Decenas de personas siguen intentando cruzar la frontera, a 31 de julio de 2026, en Ceuta (España)
Ceuta ya no existe
Las acusaciones de racismo no son el producto del sectarismo propio de este Gobierno, son un paso necesario dentro de su estrategia de tensión
Ceuta, una pequeña ciudad de poco más de ochenta mil habitantes, ha sido a finales de julio el objetivo de una acción hostil de Marruecos con la entrada masiva de decena de miles de inmigrantes, en su mayoría marroquíes. Durante semanas, el Gobierno central, además de respetar con el máximo rigor el periodo vacacional del presidente del Gobierno, se limitó a ganar tiempo, sin ofrecer respuestas y evitando señalar a Marruecos como responsable de la utilización deliberada de la inmigración para presionar a España. Todavía desconocemos las razones de la inacción del Gobierno español: ¿inutilidad, cálculo político o algún tipo de acuerdo previo?
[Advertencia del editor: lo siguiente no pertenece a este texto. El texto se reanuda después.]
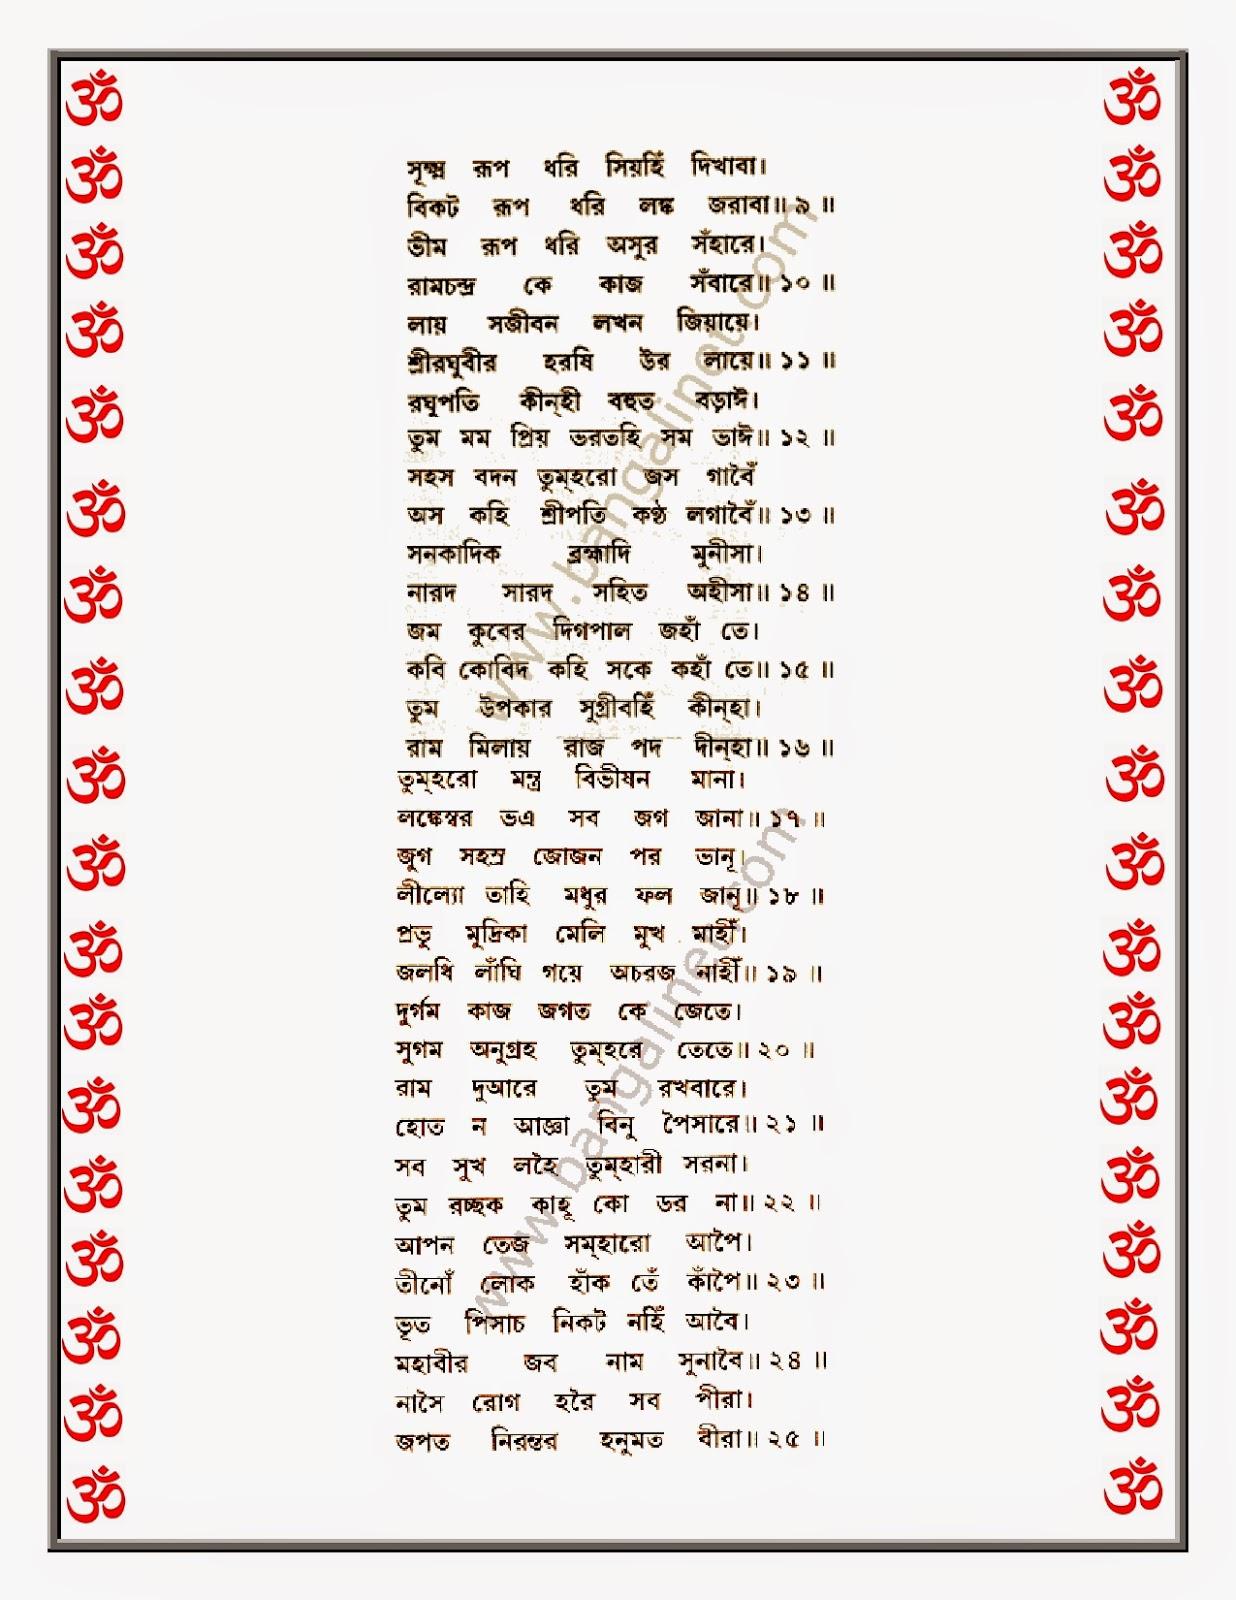 2019 Printable calendar posters images wallpapers freeOnline Hanuman chalisa in bengali language

Desde hace más de cuarenta días, los ceutíes vivimos entre la desesperanza y el abatimiento al comprobar que quienes tienen la obligación de protegernos se dedican a culpar a los propios ceutíes de la situación. El Gobierno de Pedro Sánchez, sus medios afines y determinados sectores de la izquierda política han trasladado sobre la sociedad ceutí una sospecha permanente: la de que reclamar seguridad y denunciar las consecuencias de la invasión equivale a ser racista o xenófobo. Para el Gobierno y sus medios progubernamentales no basta con soportar las consecuencias de la ocupación; los ceutíes, además, tienen que demostrar constantemente que no son racistas. Y se lo exigen a una ciudad que ha hecho de la convivencia uno de sus rasgos identitarios.
Desde hace más de cuarenta días, los ceutíes vivimos entre la desesperanza y el abatimiento al comprobar que quienes tienen la obligación de protegernos se dedican a culpar a los propios ceutíes
Ceuta tenía uno de los índices de criminalidad más bajos de España. Tras la invasión se han multiplicado por siete las agresiones sexuales, algunas de ellas han sido violaciones grupales a menores, se han multiplicado por diez los delitos, peleas, robos, ocupaciones de espacios públicos y otros episodios que han alterado profundamente la vida cotidiana de la ciudad. El Ejército, al que de vez en cuando atacan y apedrean los inmigrantes, tiene que custodiar los supermercados para evitar los saqueos. Y la respuesta del Gobierno ante esta situación ha sido la de acusar de racismo a los ceutíes. La ministra de Sanidad llamó xenófobos a los ceutíes por referir el aumento de la criminalidad tras la invasión: los inmigrantes no delinquen, los inmigrantes no traen enfermedades, para sin solución de continuidad solicitar a las comunidades autónomas cuarenta y cinco mil vacunas. En un sentido similar el ministro de Interior tildó de exagerados a los ceutíes y que lo que estábamos viviendo, esos picos de inseguridad, eran subjetivos.
La estrategia escogida por el Gobierno es dejar a miles de inmigrantes en la ciudad para hacerla invivible, que los ceutíes vean limitados sus derechos básicos, que la tensión acabe estallando
Pero es que estas acusaciones de racismo no son el producto del sectarismo propio de este Gobierno, son un paso necesario dentro de su estrategia de tensión. Las declaraciones del presidente Sánchez en las que advertía a los ceutíes que tendrían que acostumbrase a la situación de invasión, que Ceuta va a ser convertida en un gigantesco CETI, confirmaban que es la estrategia escogida por el Gobierno: dejar a miles de inmigrantes en la ciudad para hacerla invivible, que los ceutíes vean limitados sus derechos básicos, como el de la integridad física, que la tensión acabe estallando y se produzca una reacción de indignación colectiva, a continuación el Estado podrá usar la máxima dureza y represión contra los ceutíes para «restaurar el orden» y sus terminales mediáticas terminarán la tarea de criminalización mediática. Este es el guion que sigue el Gobierno y que Marruecos sabrá aprovechar para aumentar sus reclamaciones con la excusa de que Ceuta es un problema para España.
Y mientras, nos entretienen con juegos florales sobre si la información previa existió, si solo eran unos mensajes y no información oficial, si no se podía saber la magnitud, etc., cuando lo importante y determinante ha sido la reacción del Gobierno una vez producida la invasión.
El resultado cierto es que Ceuta ya no es la misma. La Ceuta que conocíamos ya no existe. A Ceuta le han robado su futuro.